• Supplied entries:
/---

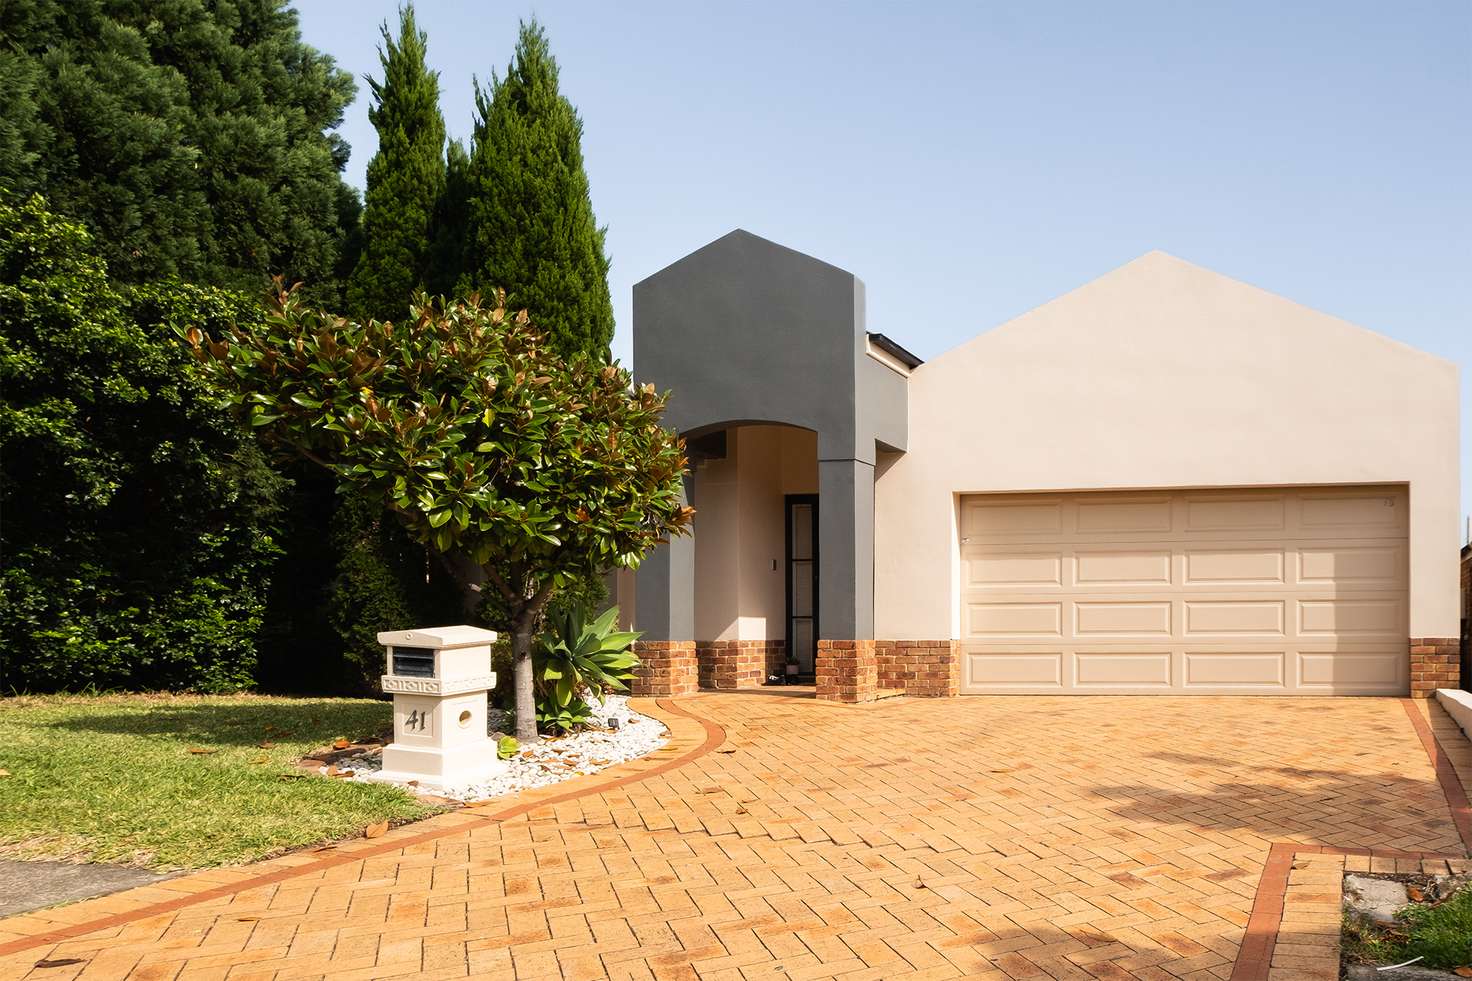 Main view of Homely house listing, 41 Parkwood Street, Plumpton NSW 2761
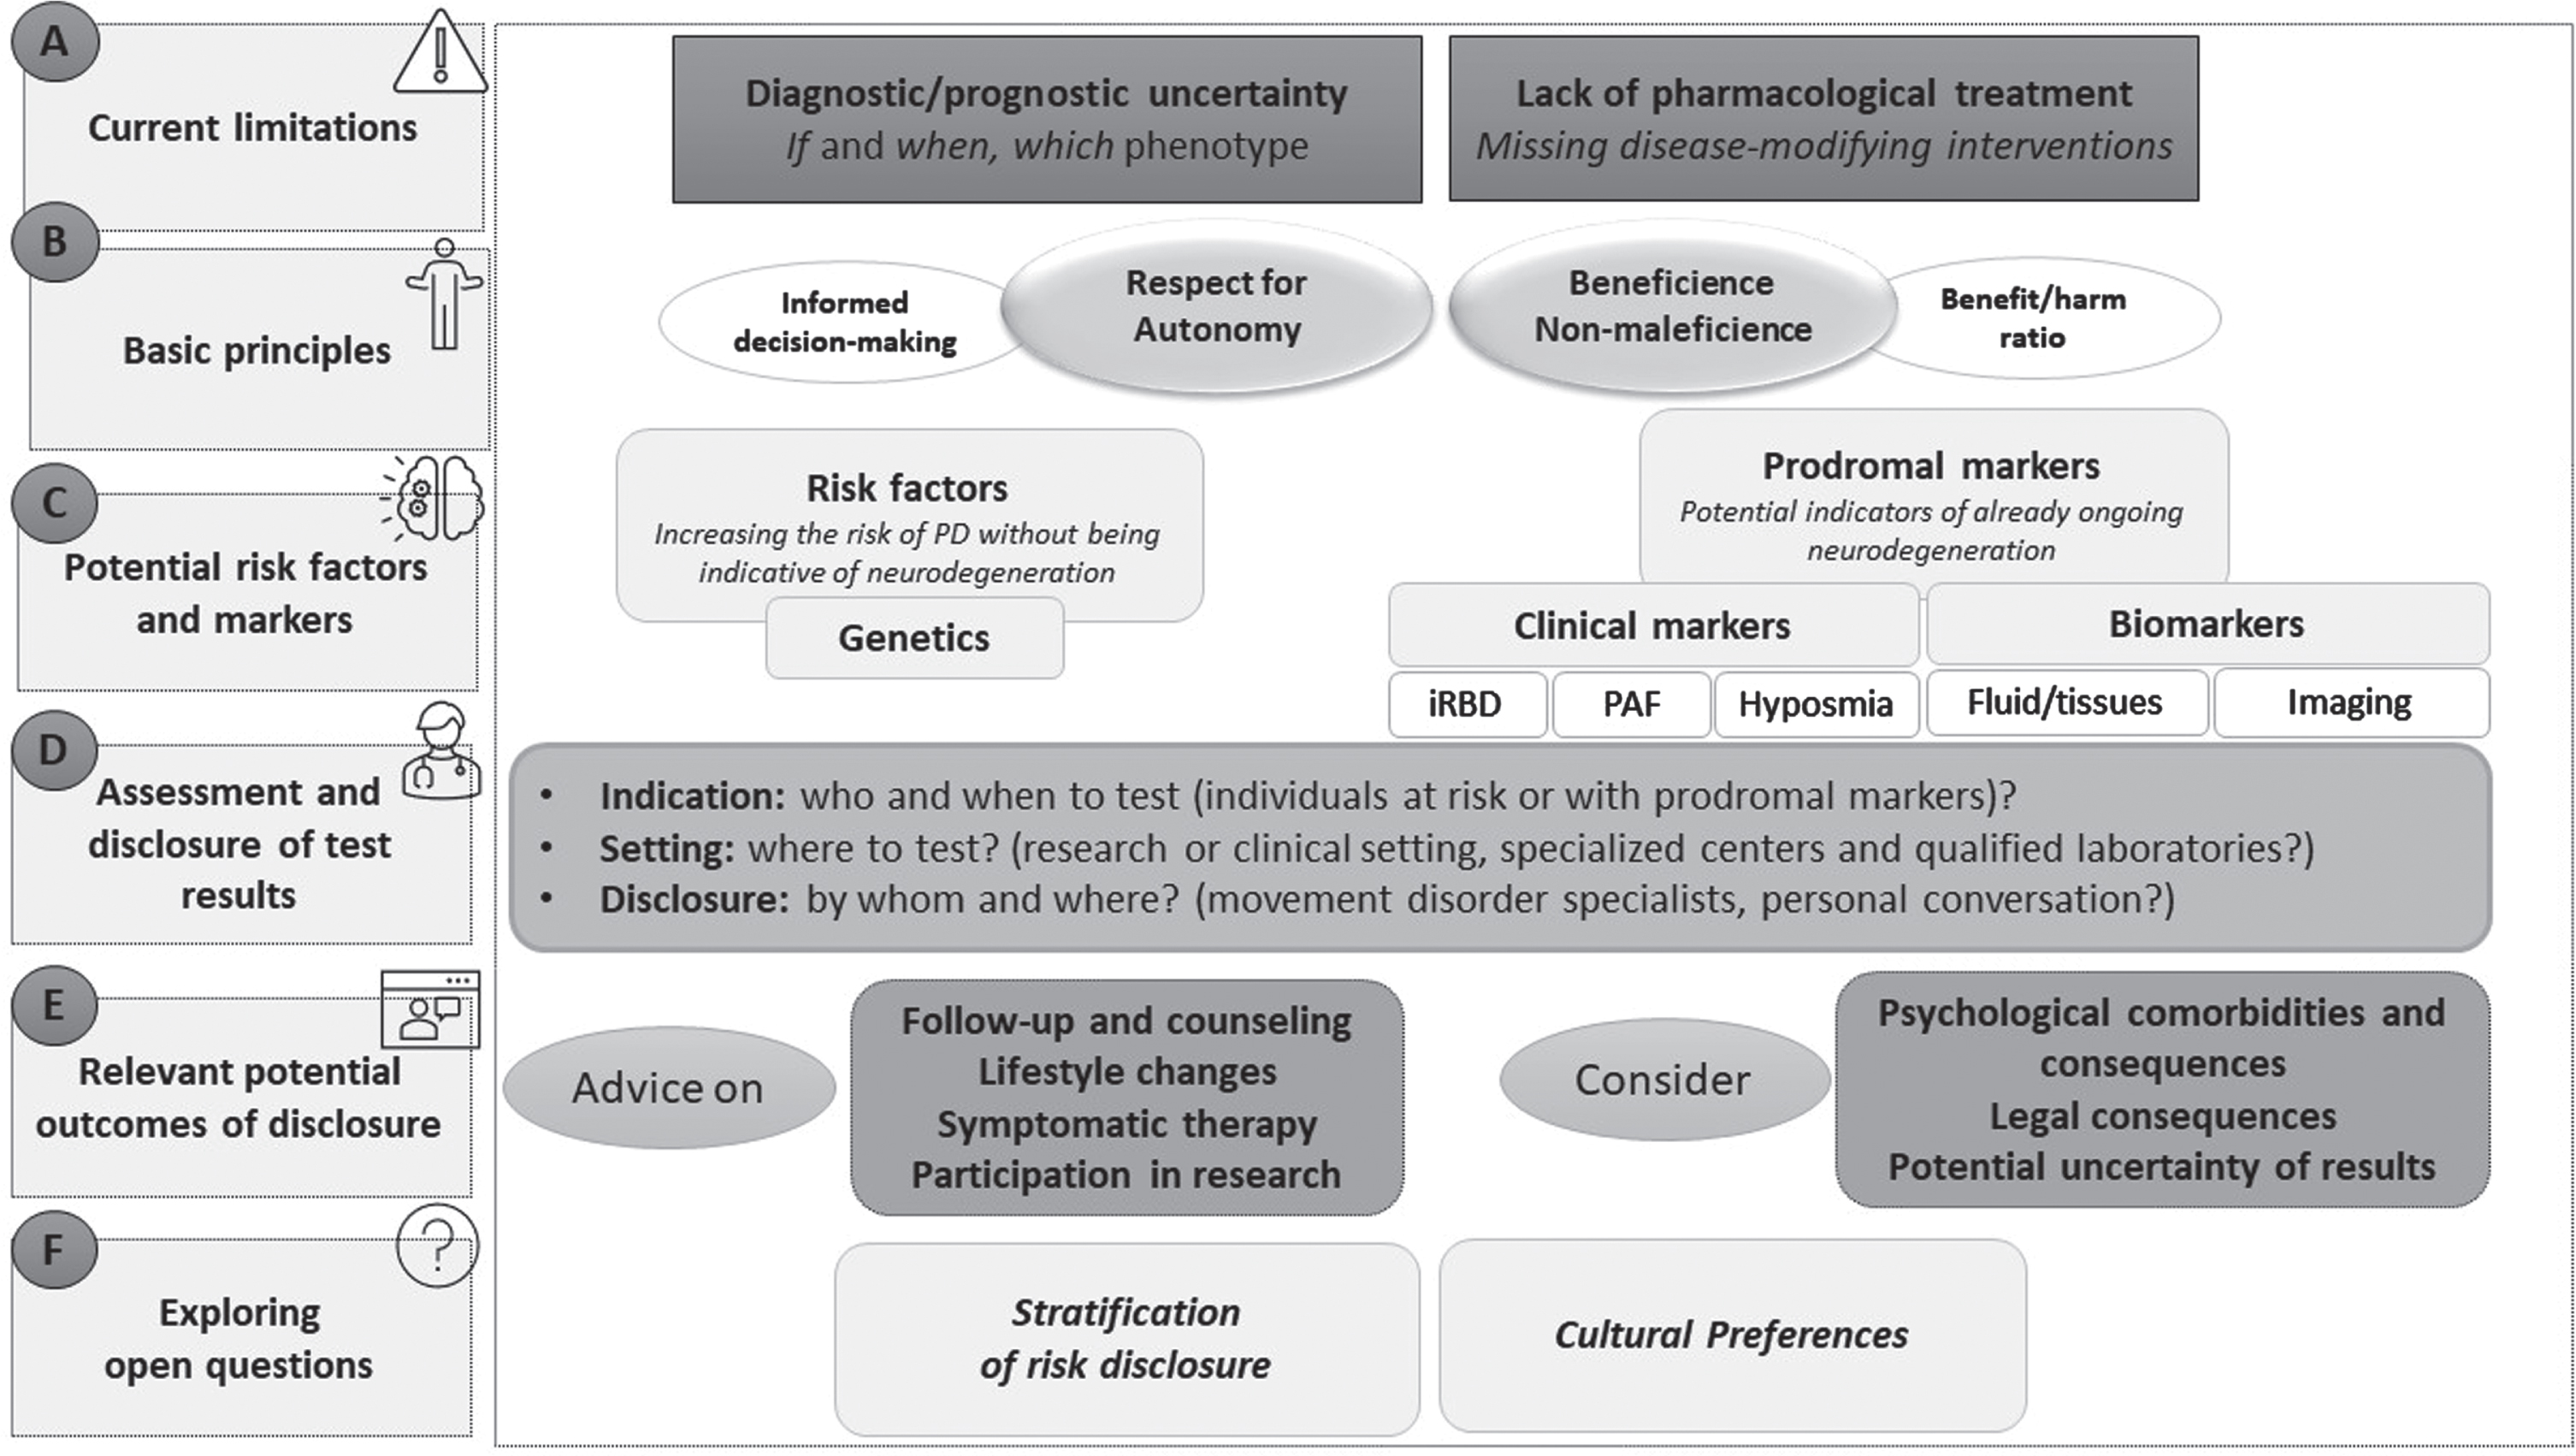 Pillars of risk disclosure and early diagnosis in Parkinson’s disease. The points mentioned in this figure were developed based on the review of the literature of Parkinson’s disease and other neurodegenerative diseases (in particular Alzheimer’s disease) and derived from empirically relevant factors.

\---
/---

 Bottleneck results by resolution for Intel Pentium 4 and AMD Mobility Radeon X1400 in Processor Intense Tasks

\---

• Problem requirements: After locating "Main view of" and "Pillars of risk" in the records above, return exactly the line holding each one and every line between them; leave out the pictures.

• The completed task:
 Main view of Homely house listing, 41 Parkwood Street, Plumpton NSW 2761
 Pillars of risk disclosure and early diagnosis in Parkinson’s disease. The points mentioned in this figure were developed based on the review of the literature of Parkinson’s disease and other neurodegenerative diseases (in particular Alzheimer’s disease) and derived from empirically relevant factors.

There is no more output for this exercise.